In autonomous driving, 3D lane detection using monocular cameras is an important task for various downstream planning and control tasks. Recent CNN and Transformer approaches usually apply a two-stage scheme in the model design. The first stage transforms the image feature from a front image into a bird's-eye-view (BEV) representation. Subsequently, a sub-network processes the BEV feature map to generate the 3D detection results. However, these approaches heavily rely on a challenging image feature transformation module from a perspective view to a BEV representation. In our work, we present CurveFormer++, a single-stage Transformer-based method that does not require the image feature view transform module and directly infers 3D lane detection results from the perspective image features. Specifically, our approach models the 3D detection task as a curve propagation problem, where each lane is represented by a curve query with a dynamic and ordered anchor point set. By employing a Transformer decoder, the model can iteratively refine the 3D lane detection results. A curve cross-attention module is introduced in the Transformer decoder to calculate similarities between image features and curve queries of lanes. To handle varying lane lengths, we employ context sampling and anchor point restriction techniques to compute more relevant image features for a curve query. Furthermore, we apply a temporal fusion module that incorporates selected informative sparse curve queries and their corresponding anchor point sets to leverage historical lane information. In the experiments, we evaluate our approach for the 3D lane detection task on two publicly available real-world datasets. The results demonstrate that our method provides outstanding performance compared with both CNN and Transformer based methods. We also conduct ablation studies to analyze the impact of each component in our approach.

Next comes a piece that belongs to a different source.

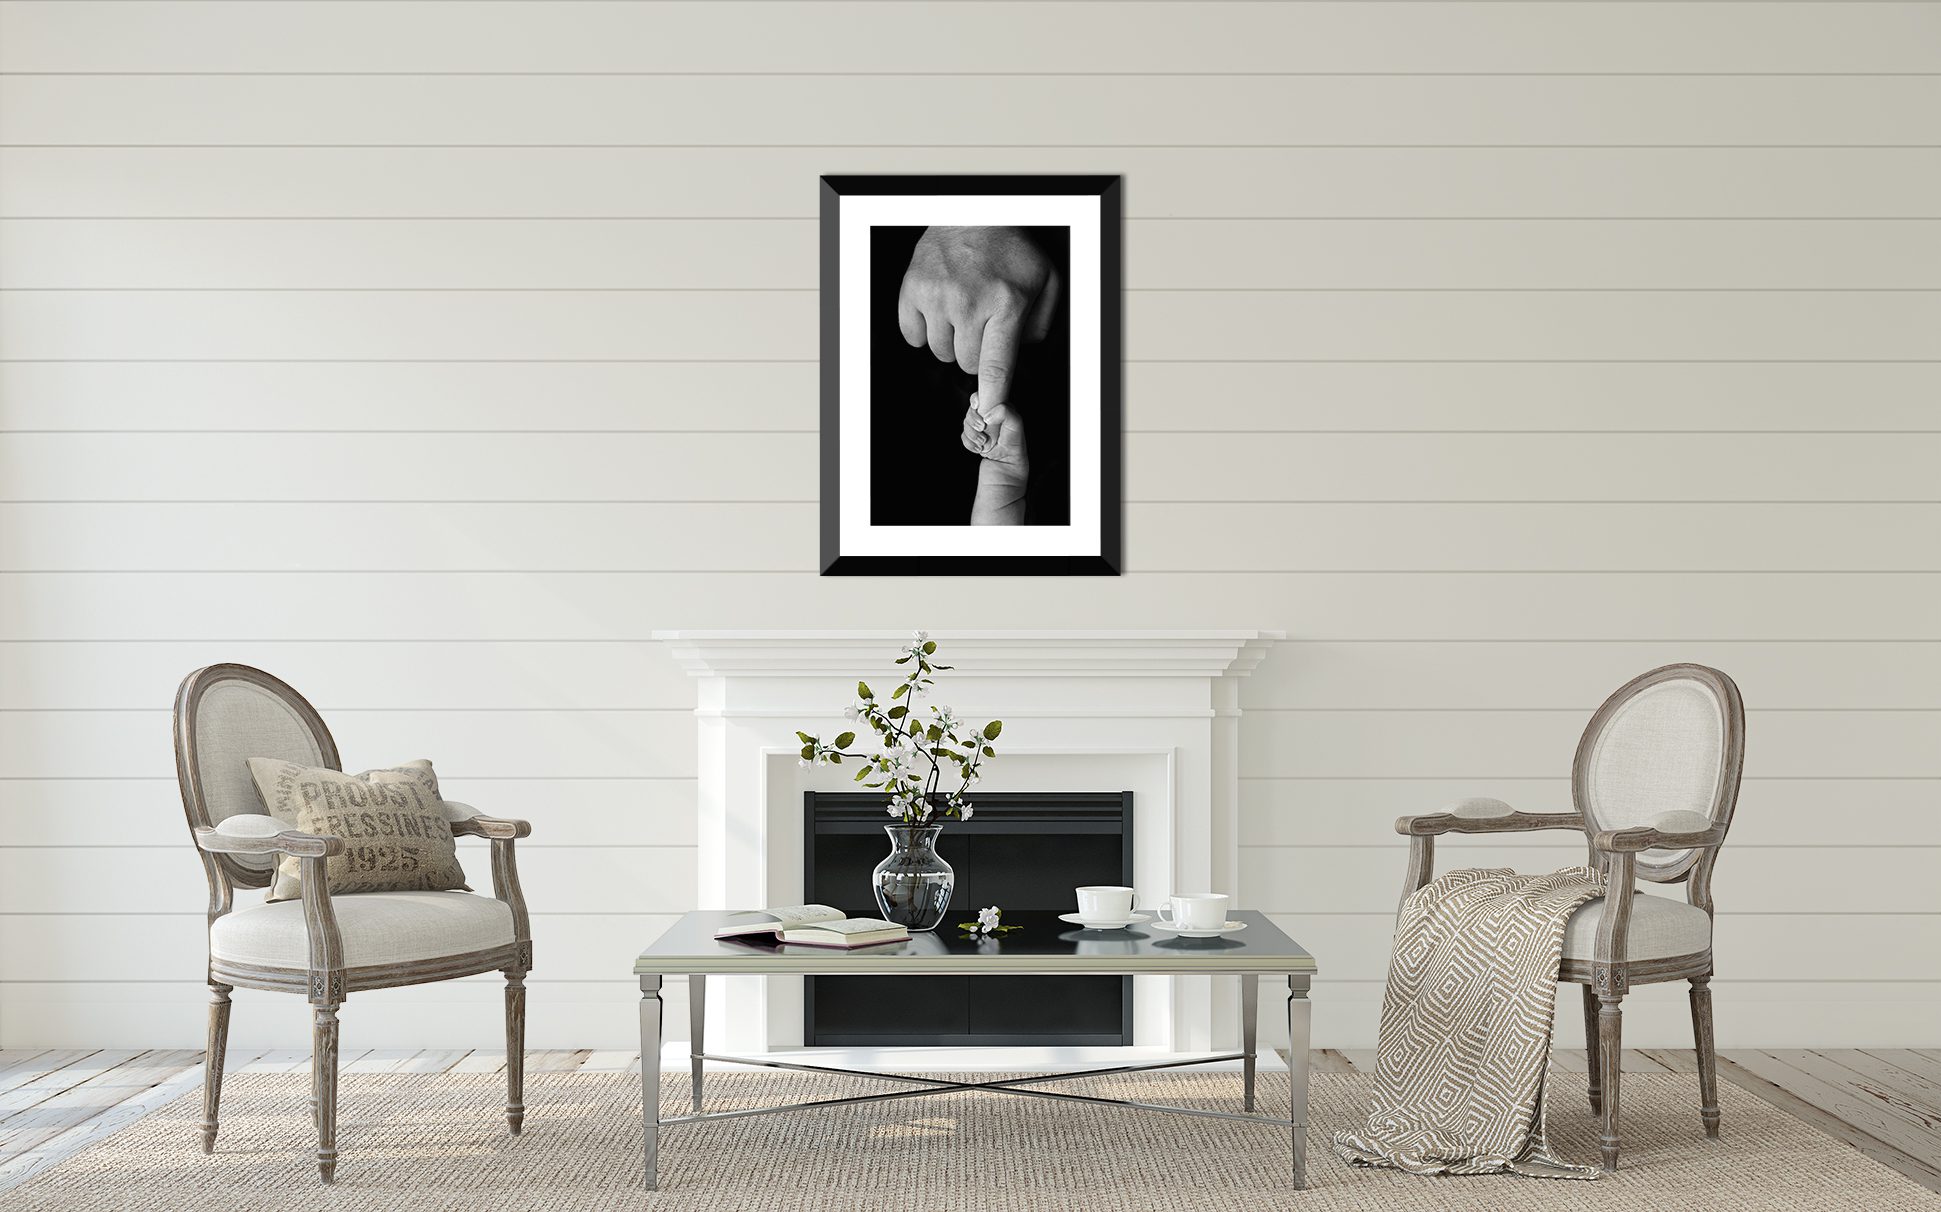 Huntsville newborn photography displayed above a fireplace

翻译：在自动驾驶领域，基于单目摄像头的3D车道检测是多种下游规划与控制任务的重要基础。当前基于CNN和Transformer的方法通常在模型设计中采用两阶段方案：第一阶段将前视图像特征转换为鸟瞰图（BEV）表示，第二阶段通过子网络处理BEV特征图生成3D检测结果。然而，这类方法高度依赖从透视视图到BEV表示的图像特征变换模块，该任务极具挑战性。本文提出CurveFormer++——一种无需图像特征视图变换模块的单阶段Transformer方法，可直接从透视图像特征推断3D车道检测结果。具体而言，我们将3D检测任务建模为曲线传播问题，每条车道由包含动态有序锚点集的曲线查询表示。通过Transformer解码器，模型可迭代优化3D车道检测结果。在解码器中引入曲线交叉注意力模块，用于计算图像特征与车道曲线查询之间的相似度。为应对不同车道长度，我们采用上下文采样与锚点限制技术，为曲线查询提取更相关的图像特征。此外，我们设计时序融合模块，通过整合选定的稀疏曲线查询及其对应锚点集，有效利用历史车道信息。实验环节中，我们在两个公开真实世界数据集上评估了该方法在3D车道检测任务中的表现。结果表明，与基于CNN和Transformer的方法相比，本方法均展现出卓越性能。同时通过消融实验，系统分析了各组件对模型的影响。